Where are the stumps in your life?  Where are the places where you’ve been cut down, where it seems like God’s promises to you have been broken?  Where have you suffered hurt?  As God restored the line of David, so He can bring a tender shoot from the stumps in your life.  You can trust God to keep His promises, because our God is “Faithful and True (Rev 19:11).”

Monday, November 29, 2010

"Plowshares and Pruning Hooks" - My Article in the Southside Messenger

Spirit & Truth # 204
“Plowshares and Pruning Hooks”
By Rev. Greg Smith

In 1959, the Russian sculptor Evgeniy Vuchetich crafted a muscular man with a hammer in his right hand, and a sword in his left.  The industrious laborer is hard at work beating his sword into a plowshare.  The Soviet Union gave this beautiful statue to the United Nations as a gesture of peace.  However, when I notice that the hammer in the sculpture is the same kind that we find in the Russian flag, I wonder whether the intended peace was a mutual coexistence or one in which the Soviet hammer beat the world into a submission much like the Pax Romana.  How ironic that in its desire to portray peace, this atheist government chose to utilize an image from the Bible, in its statue entitled “Let Us Beat Swords Into Plowshares.”
In his famous Christmas song, Longfellow writes, “And in despair I bowed my head.  'There is no peace on earth,' I said, 'for hate is strong and mocks the song of peace on earth, good will to men.'”  As we enter the season of Advent, we find a tension between the message of “peace on earth, good will to men,” and the reality of violence around the globe.  Isaiah said, “They will beat their swords into plowshares and their spears into pruning hooks.

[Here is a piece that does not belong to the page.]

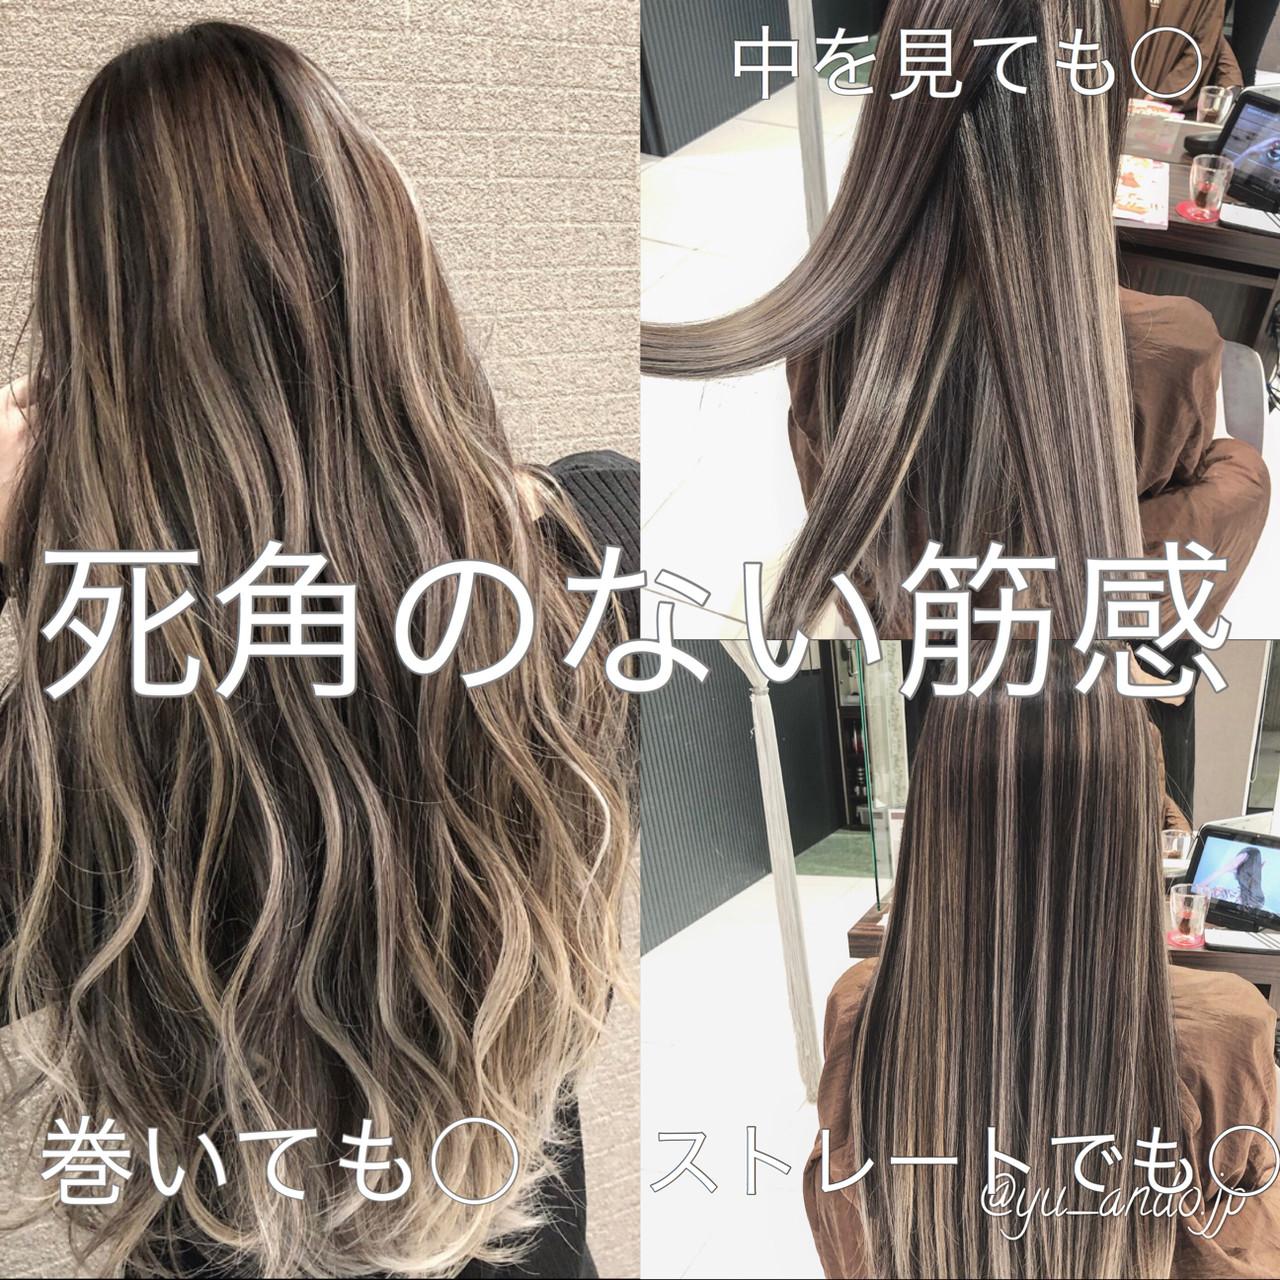 デート 外国人風 ストリート バレイヤージュ ヘアスタイルや髪型の写真・画像 | アンドウ ユウ / agu hair edge
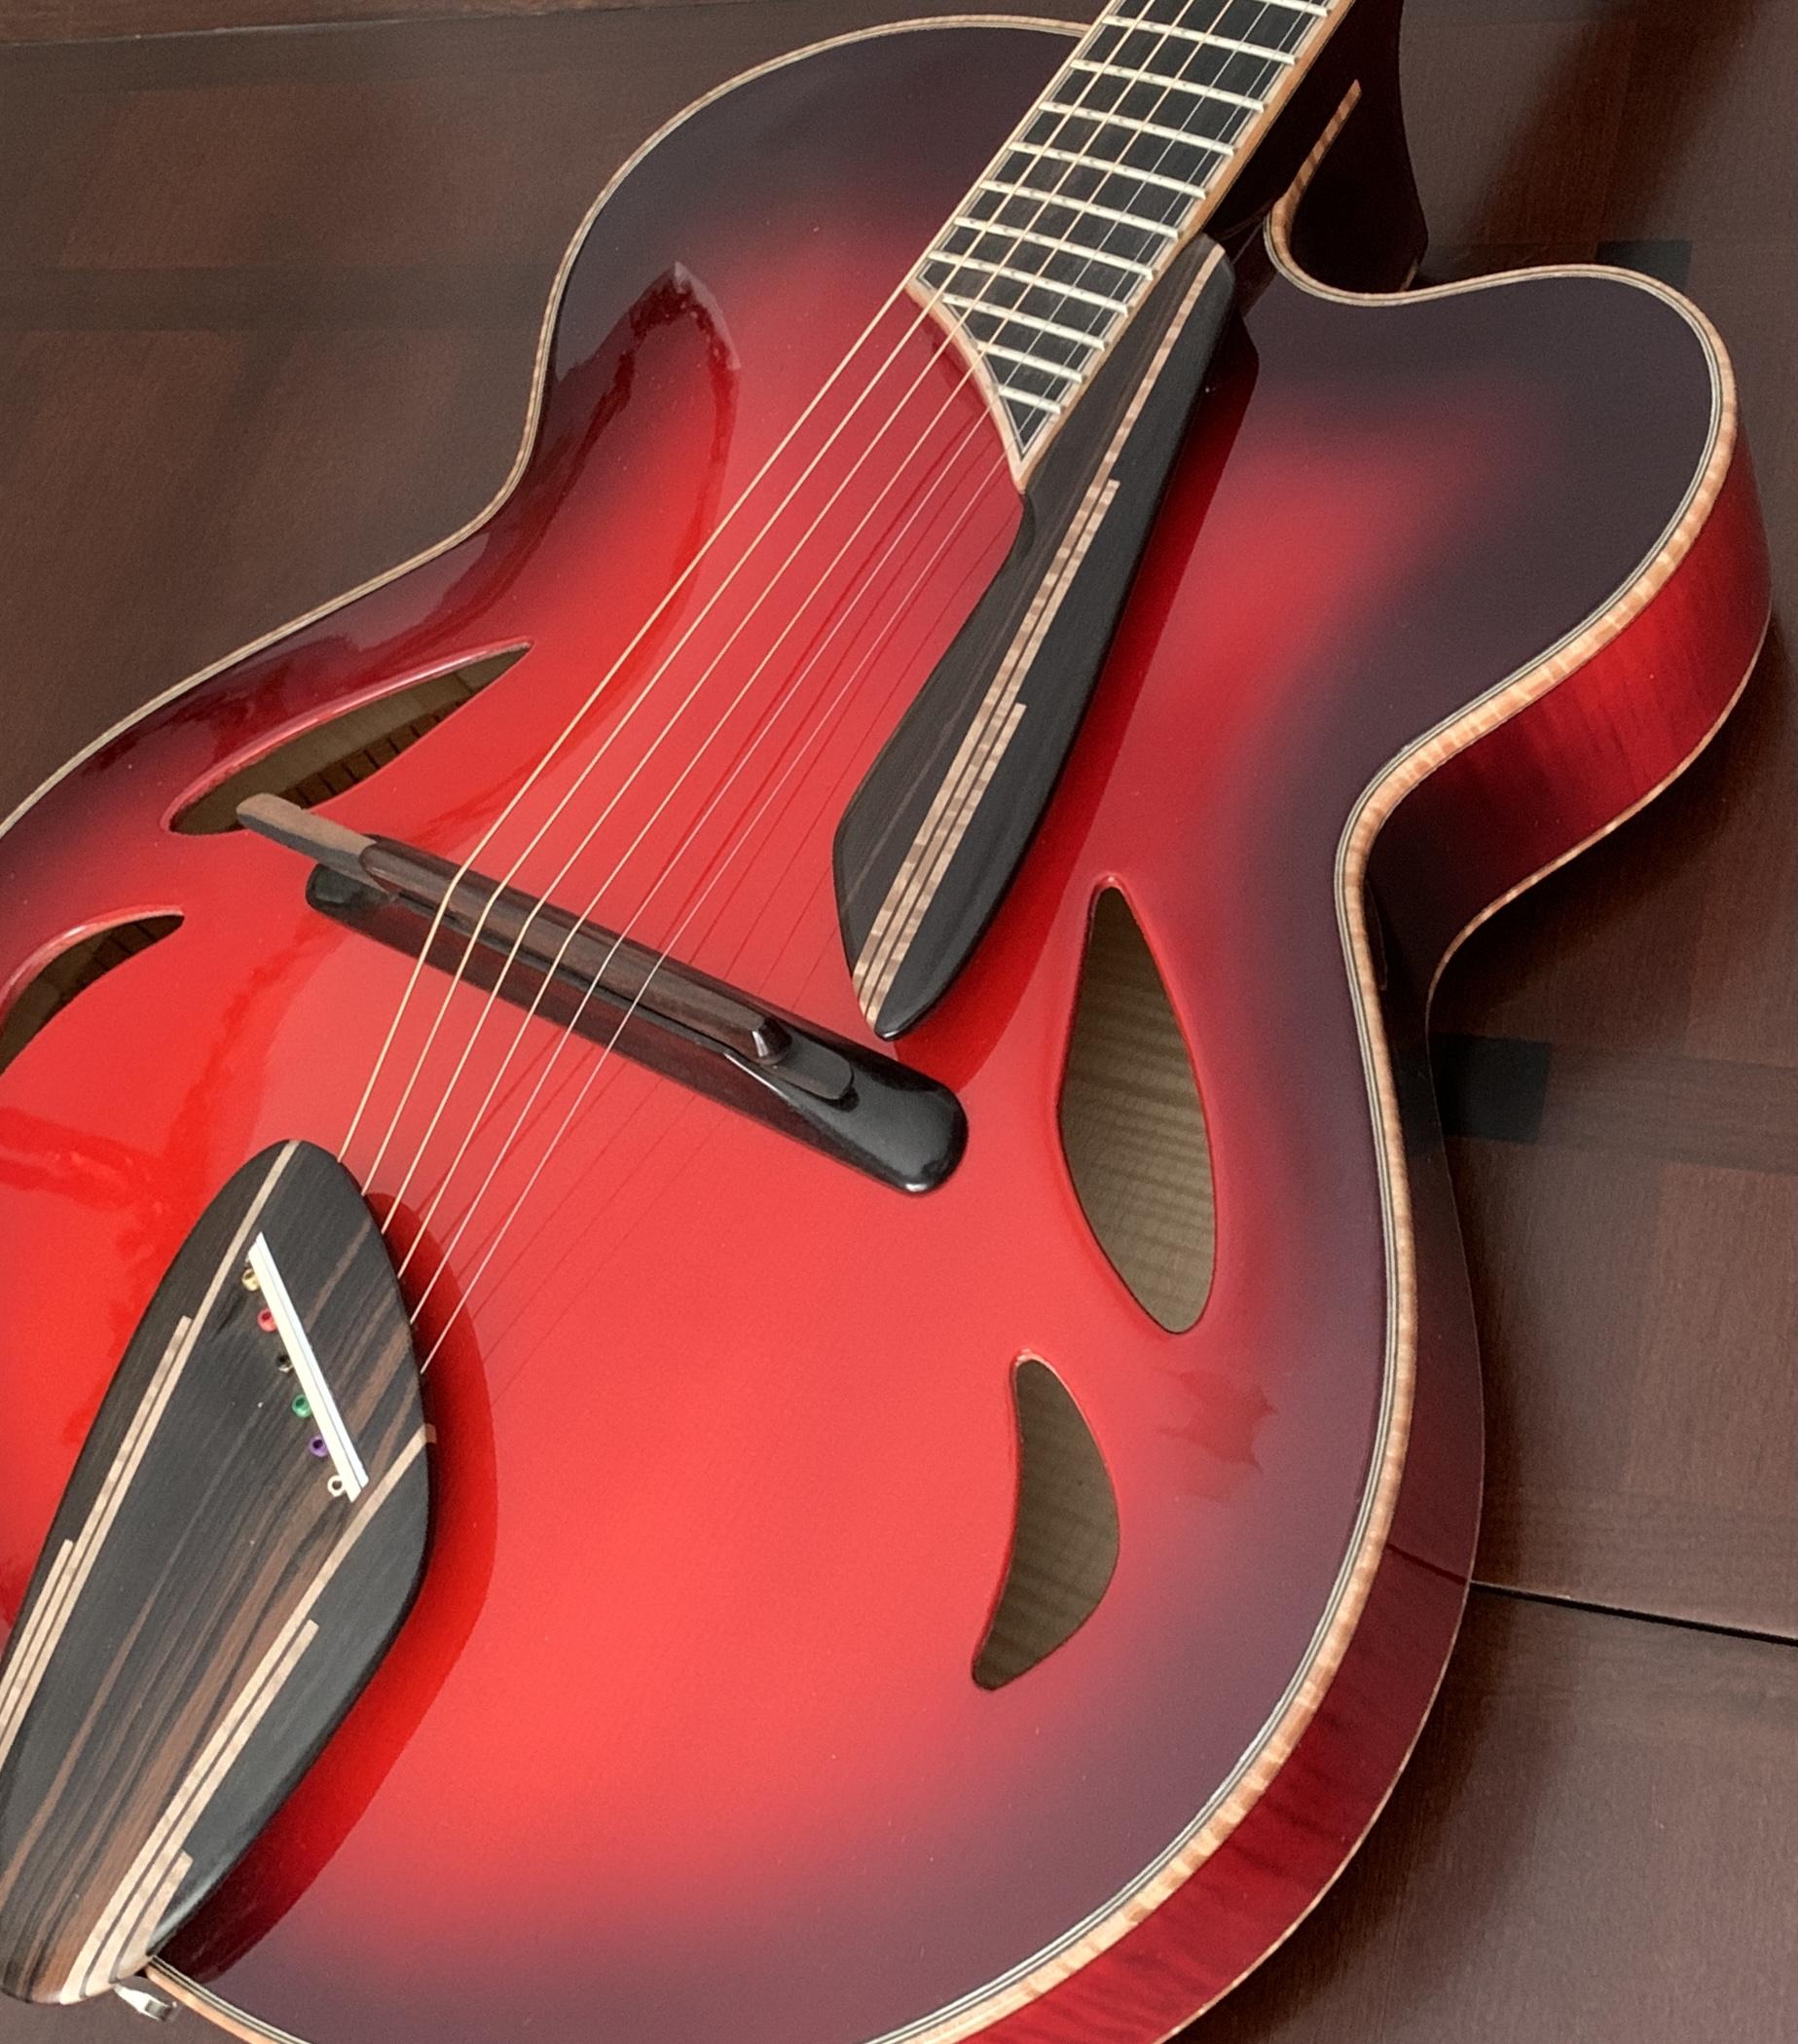 Mirabella build tread on The North American Guitar-81403f99-f378-467c-b87d-2f6c1bff651a-jpeg

Nation will not take up sword against nation, nor will they train for war anymore (Isaiah 2:4 NIV).”  Many of us wonder, when will that day come?
Isaiah believed peace would arrive on the Day of the Lord, when the Messiah arrived and set up His kingdom.  Christians know that Jesus came the first time as a suffering servant (Isaiah 53), and that at his second advent the Lord will return as the King who brings both judgment and peace (Isaiah 11).  But do we have to wait until the return of Christ, in order to beat our swords into plowshares, and our spears into pruning hooks?
The prophet Jeremiah wrote, “Plow up the hard ground of your hearts! Do not waste your good seed among thorns (4:3 NLT).’”   Hosea said, “Plant the good seeds of righteousness, and you will harvest a crop of love. Plow up the hard ground of your hearts, for now is the time to seek the LORD, that he may come and shower righteousness upon you (10:12 NLT).”  This is something we can do today, to ready ourselves for the return of Christ.  We can let God remove our violent, hateful thoughts from us.  We can let Him plow up our hearts, to make them soft so He can plant His seeds of righteousness.
In John 15:1-2 NIV, Jesus says, “I am the true vine, and my Father is the gardener. He cuts off every branch in me that bears no fruit, while every branch that does bear fruit he prunes so that it will be even more fruitful.”  Let Jesus prune away from your heart every thought of unpeace.  Let Him use His pruning hooks in your life, trimming off all that is unfruitful.  Then the words of Longfellow will ring true:  Then pealed the bells more loud and deep: 'God is not dead, nor doth He sleep; The wrong shall fail, the right prevail with peace on earth, good will to men.'”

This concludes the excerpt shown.